- German release poster
- Directed by: Felix Basch
- Written by: Max Jungk [de; fr]; Julius Urgiß;
- Based on: Miss Julie by August Strindberg
- Produced by: Asta Nielsen
- Starring: Asta Nielsen; William Dieterle; Lina Lossen;
- Cinematography: Julius Balting
- Production company: Artfilm
- Distributed by: National Film
- Release date: 2 February 1922;
- Running time: 1,589 metres (5,213 ft)
- Country: Germany
- Languages: Silent German intertitles

= Miss Julie (1922 film) =

1922 film

Miss Julie (Fräulein Julie) is a 1922 German silent drama film directed by Felix Basch and starring Asta Nielsen, William Dieterle, and Lina Lossen.

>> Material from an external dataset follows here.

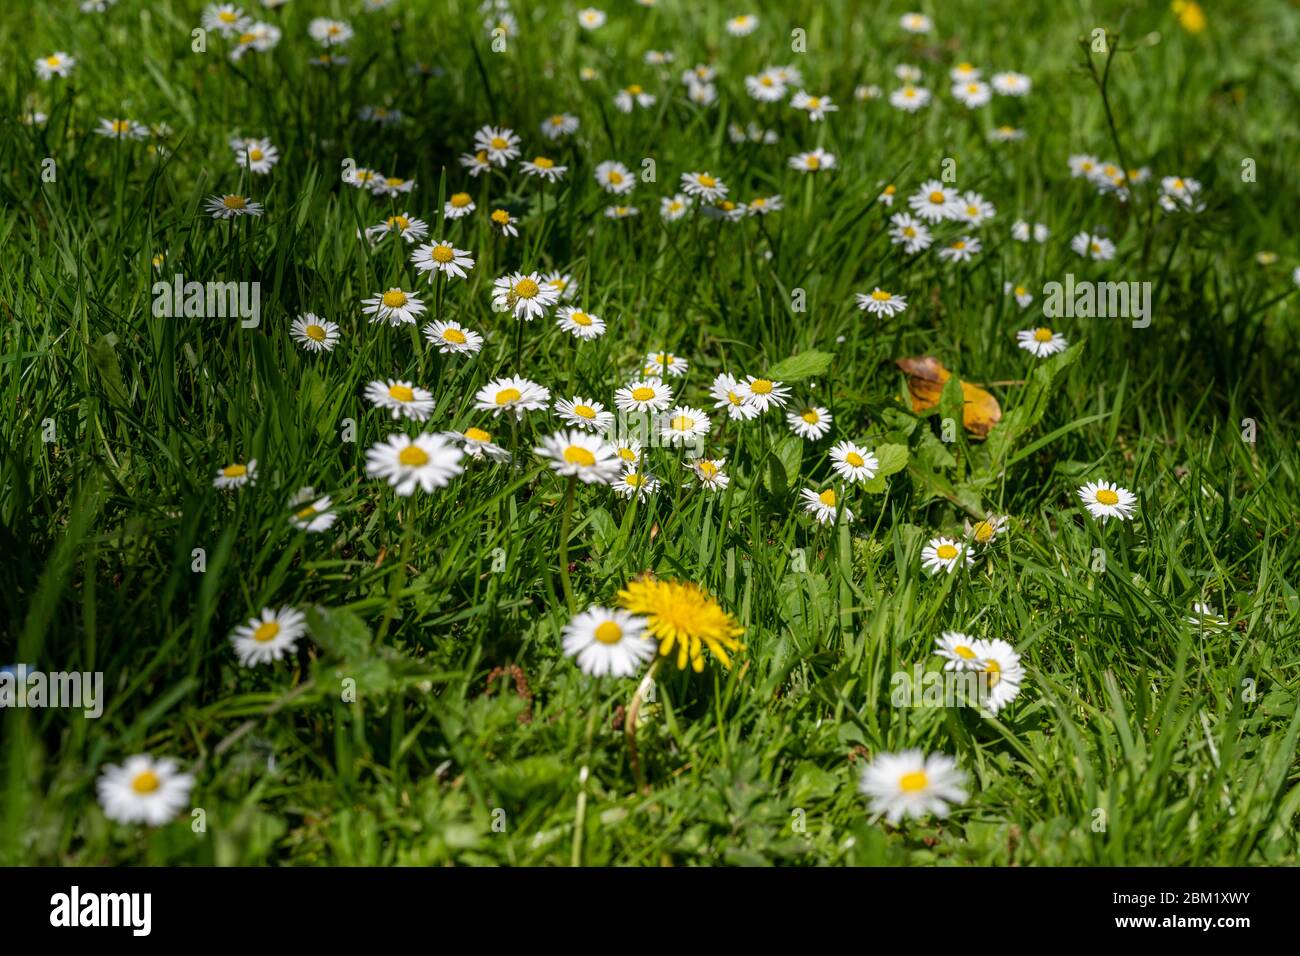 Patch of common daisies [Bellis perennis] in a lawn on a sunny summers day in the UK Stock Photo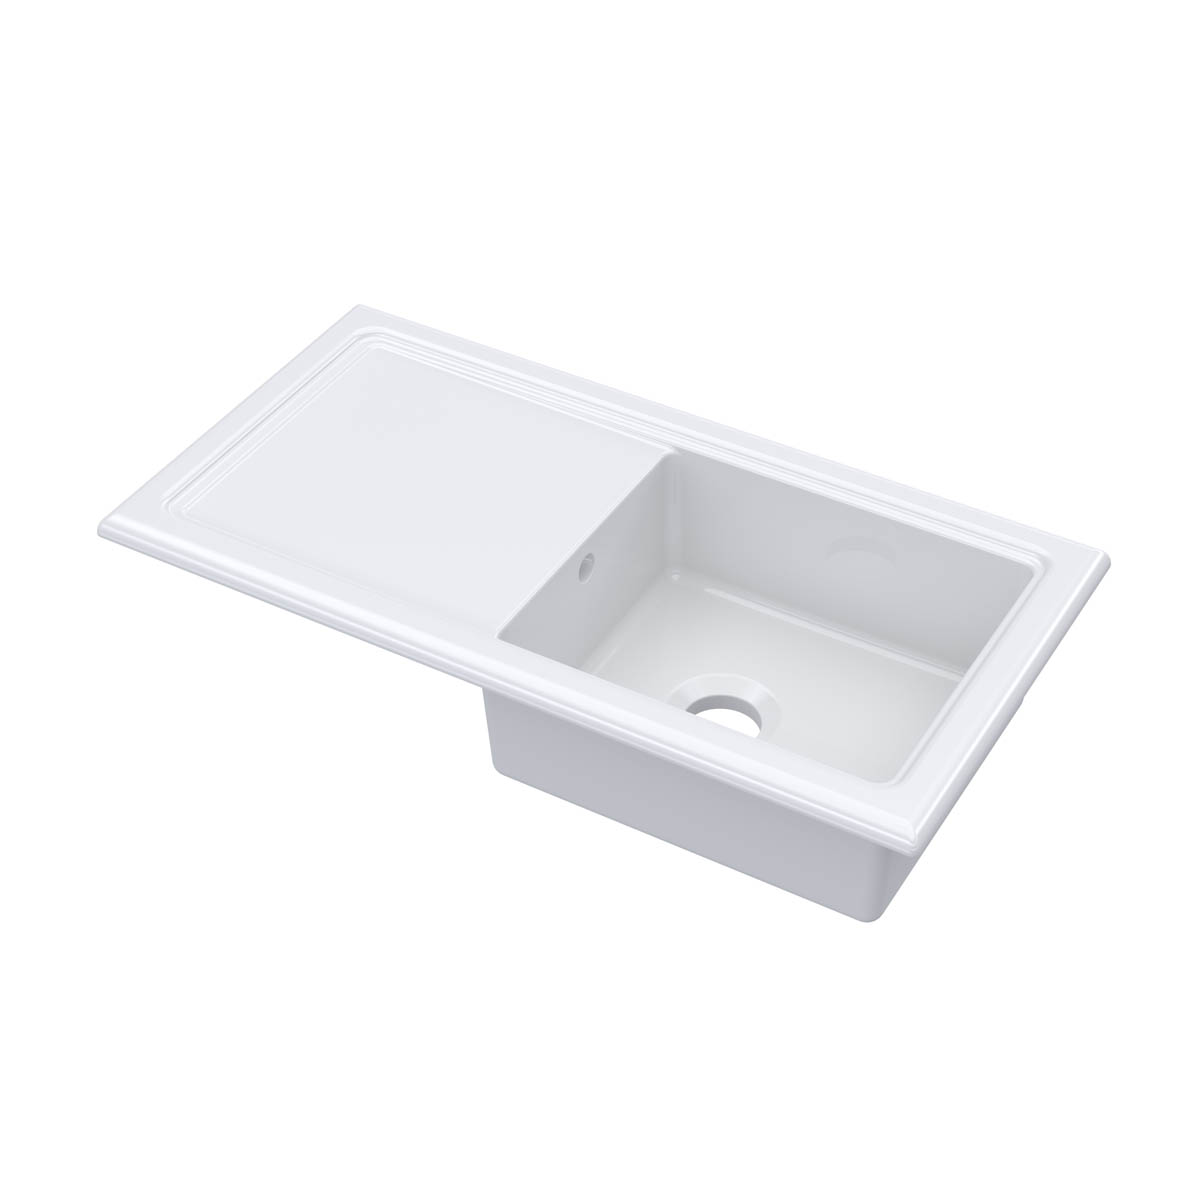 Nuie 1010x525mm 1 Bowl Counter Top Sink - White (20310)

It was based loosely on August Strindberg's 1888 play Miss Julie.

==Plot==
Julie, a young noble woman, is drawn to a senior servant, a valet named Jean, who is particularly well-traveled, well-mannered and well-read.

==Cast==
- Asta Nielsen as Julie
- William Dieterle as Jean, Waiter
- Lina Lossen as The Countess
- Arnold Korff as The Count
- Käthe Dorsch as Christine, Kitchen Maid
- Olaf Storm as The Bridegroom
- Georg H. Schnell as The Friend
- Ernst Gronau

==Production and release==
Miss Julie passed the film censorship on 24 November 1921 and premiered on 2 February 1922 at the Marmorhaus. The five-act play was 1589 meters long.

The film's sets were designed by the art directors Robert Herlth and Walter Röhrig.